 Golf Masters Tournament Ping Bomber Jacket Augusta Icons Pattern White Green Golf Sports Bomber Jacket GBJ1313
---
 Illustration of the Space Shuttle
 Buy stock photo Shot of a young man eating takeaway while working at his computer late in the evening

TO DO:
All lines above from the line with "Illustration of the Space Shuttle" through the line with "Buy stock photo", both included, are to be set down exactly, with nothing else.

OUTPUT BELOW:
 Illustration of the Space Shuttle
 Buy stock photo Shot of a young man eating takeaway while working at his computer late in the evening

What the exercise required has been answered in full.